Define a sectioned alternating set to be an alternating set $x_0, ... x_n$ along with nonempty closed intervals $I_0, ... I_n$ called sections such that
1. the sections partition $[a,b]$ (meaning that the union of the sections is the whole interval, and the intersection of any two sections is either empty or a single common endpoint)
2. For every $i$, the $i$th alternating point $x_i$ is in the $i$th section $I_i$
3. If $x_i$ is an upper point, then $I_i$ contains no lower points. Likewise, if $x_i$ is a lower point, then $I_i$ contains no upper points.

Given an approximating polynomial $g$ that does not satisfy the equioscillation condition, it is possible to show that the polynomial will have a two point alternating set. This alternating set can then be expanded to a sectioned alternating set.
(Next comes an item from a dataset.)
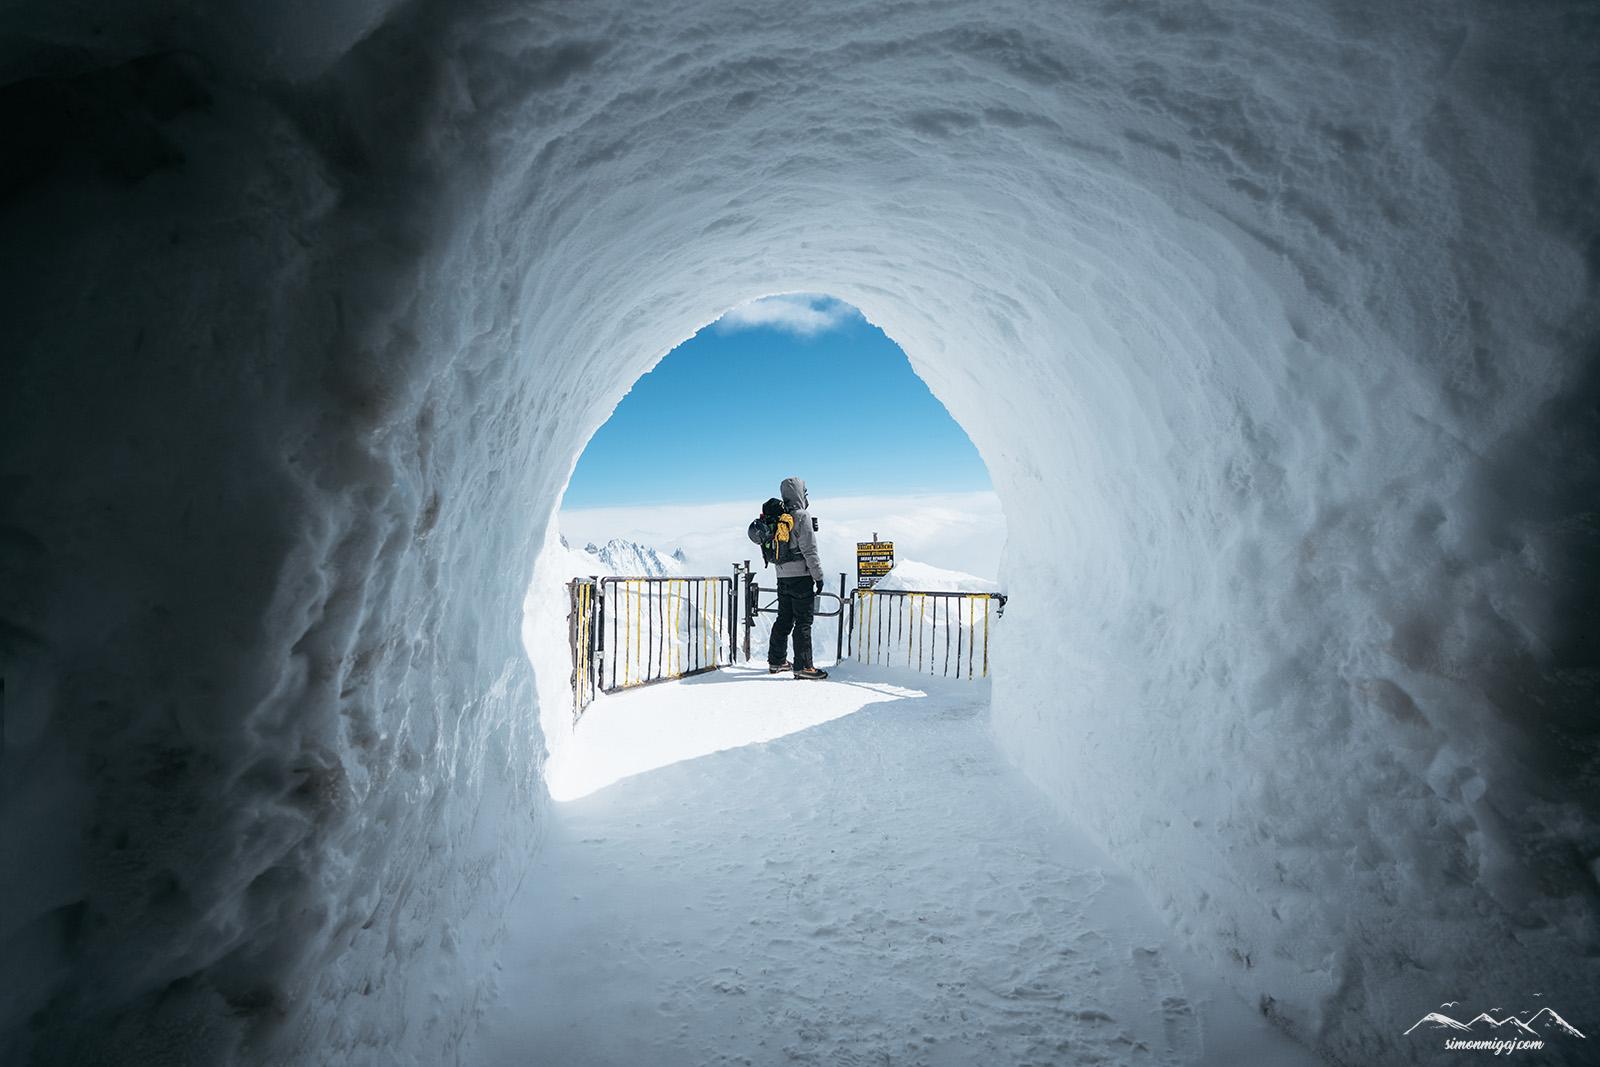 back-ice-caves-aiguille-du-midi-chamonix-france-alps.jpg

We can then use this sectioned alternating set to improve the approximation, unless the sectioned alternating set has more than $n+2$ points in which case our improvement cannot be guaranteed to still be a polynomial of degree at most $n$

== Variants ==
The equioscillation theorem is also valid when polynomials are replaced by rational functions: among all rational functions whose numerator has degree $\le n$ and denominator has degree $\le m$, the rational function $g = p/q$, with $p$ and $q$ being relatively prime polynomials of degree $n-\nu$ and $m-\mu$, minimizes the uniform norm of the difference $\| f - g \| _\infty$ if and only if there are $m + n + 2 - \min\{\mu,\nu\}$ points $a \le x_0 < x_1 < \cdots < x_{m+n+1 - \min\{\mu, \nu\}} \le b$ such that $f(x_i) - g(x_i) = \sigma (-1)^i \| f - g \|_\infty$ where $\sigma$ is either -1 or +1.

== Algorithms ==
Several minimax approximation algorithms are available, the most common being the Remez algorithm.